Big data - big mess or big money?
Gaurav Garg
COO @ LetsLocalise | Creator of Multi-sided Ed-Tech Digital Platform | Transformational Leader | Programme Director | Ed-Tech Executive | Super Coach | I AM FUTURE READY | 074272 11111
Big data, algorithms, cloud, machine learning, hadoop, NO SQL, data scientists, artificial intelligence, advanced analytics …the list goes on and on and on. Everywhere I go, everyone seems to be talking about these topics but without much in-depth understanding of these. Questions galore but very few answers are available. In this blog I will try to de-mystify some aspects of big data. How do all of the topics fit together? What do the organizations need to do to get on the next wave of big opportunity? What are the challenges and how can organizations overcome these? How must companies react to this deluge of data we all find ourselves in?
In this digital world, everything we do leaves a digital print or creates data. We are creating data as never before - did you know that more than 90% of the world’s existing data was generated in the last 2 years?! With all the data being generated, companies are being pressured to do something with it – big data at the top of the Gartner Hype Cycle – at the Peak of Inflated Expectations.
Figure 1. The Stages of Big Data Adoption, 2013 and 2014
In 2014, n = 302; In 2013, n = 720.
Source: Gartner (September 2014)
Figure 1 above suggests that more than 70% of organizations are dabbling in big data but only about 12% have actually deployed solutions. Why is the rate of success so low? A lot of organizations look at all the data being collected, get excited about the possibilities and try to solve something, anything that may be aspirational and, hence, struggle to achieve desired outcome. In order to improve their success rate, I believe that organizations must change their approach to Big Data. They must start with identifying business outcomes that they are seeking and work backwards to the sources of data, relevant vendors in the space, the infrastructure required and the skills needed to achieve the business outcome.
As we define the business challenge as a starting point, we can then start to lay out the internal and external data sources needed and architect this data; identify the skills required for collecting and analysing the structured and unstructured data; and then agree on the infrastructure needed to support the process in a sustainable and a scalable manner. This approach ensures fast, tangible results as we grow skills, confidence, knowledge and scale on Big Data within the organization. Each of these steps, however, has challenges that need to be addressed adequately and strategically. So, let’s check each of these out individually.
Data is an asset – nothing new in the statement. However, not ALL data is an asset. Overwhelming amount of data that is being collected today can be categorized as noise which must be removed.
As we move from ad-hoc, offline decision making (Descriptive Analytics) to pervasive, real-time decision making (Prescriptive Analytics), I believe that, companies will need to identify, remove noise, prepare and embellish their structured internal data with new data sources. Notwithstanding data quality and completeness issues, the existing internal data only provides skin-deep insights on customers. This must be augmented with the customers’ behavioural interactions to create their personal DNA – segment of one. On top of this foundation, you can add your research data, segmentations, derived attributes, propensity scores, prospect data, contact history, response and so on.
Majority of organizations lack the skills and capabilities needed across the big data value chain. Clearly, duality of the improvement in processing power and rate of data generation has caught us all unawares which has resulted in skills shortage. Some of the skills needed are Data Architects; Programmers for data preparation and to write algorithms; Data Analysts to identify relevant data sources and Data Scientists to draw data insights. For a sustainable innovation where multiple big data solutions come out frequently; organizations must encourage and build internal skills, through focused training programs, along with hiring external big data consultants to fill up the skills gap and hasten the learning process.
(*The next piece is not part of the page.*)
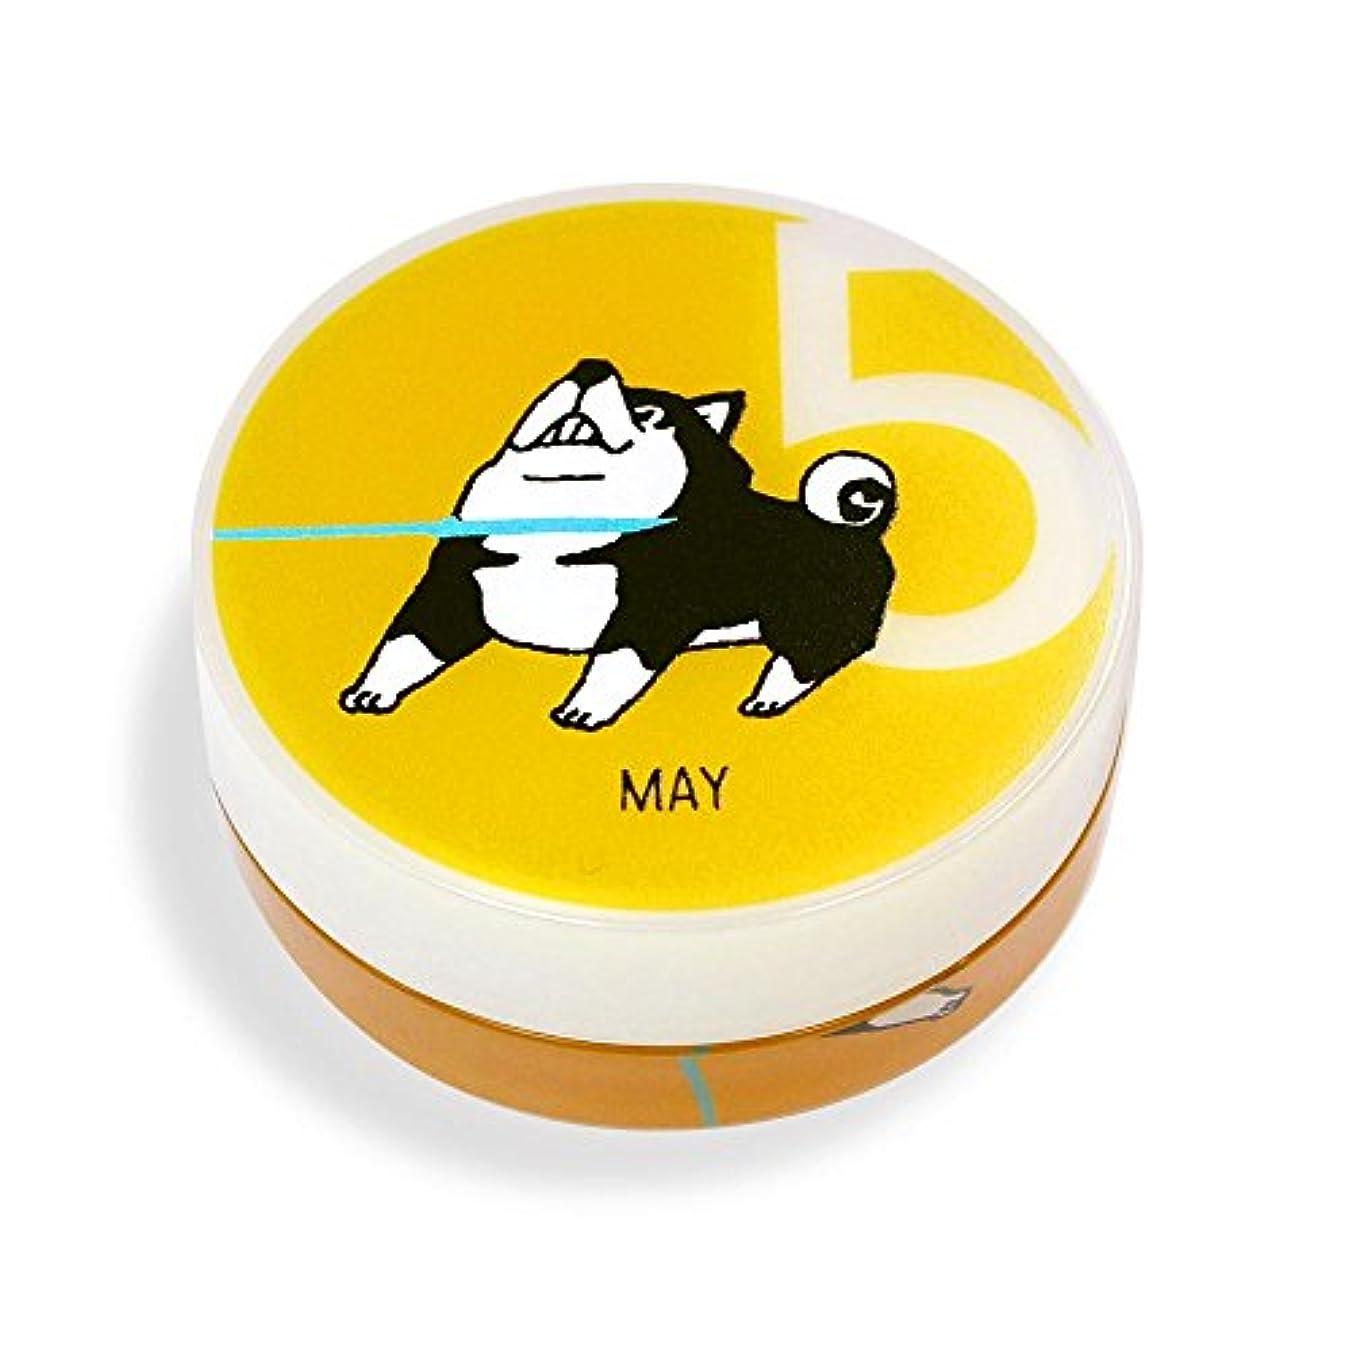 名誉詐欺軽しばんばん フルプルクリーム 誕生月シリーズ 5月 20g

Anytime a technology is at the top of the Hype Cycle, it attracts a lot of vendors to cover its value chain. As such, big data space has many, many vendors offering plethora of niche solutions. Naturally, these vendors are chasing organizations for business and in the process confusing the matters. The mismatch in organizations’ need and understand of big data; and vendor niche offering muddles up waters. As stated above, my advice to organizations will be to identify a business outcome they seek and interact with those vendors who can help them achieve it. A short-delivery cycle on business outcome, irrespective of success or failure, will build excitement within the organization.
In summary, big data is a mess at the moment and it will soon slide down from the top of the Hype curve into the trough of disillusionment. This will result in vendor consolidation and establishing of standards and best practices will put it firmly on the plateau of value realization. I bet this to happen in next 2 – 3 years, if not earlier and organizations that are testing big data waters today will benefit most from their experience at that point.
Lastly, in this era of disruptive business models, I see vendors aligning themselves along the business outcomes in the same manner as Experian - a company that collects and provides credit rating on consumers. New data intermediaries will collect all the relevant external data for a specific business outcome. User organizations will link into this external data; combine it with internal data on their customers to develop insights. For example, in insurance sector accessibility to real-time data e.g. telematics, has significant impact on the assessment risk which is the foundation of insurance. I think that in near future we will see businesses emerge that would aggregate all this data and enable insurers to price risk on real-time basis.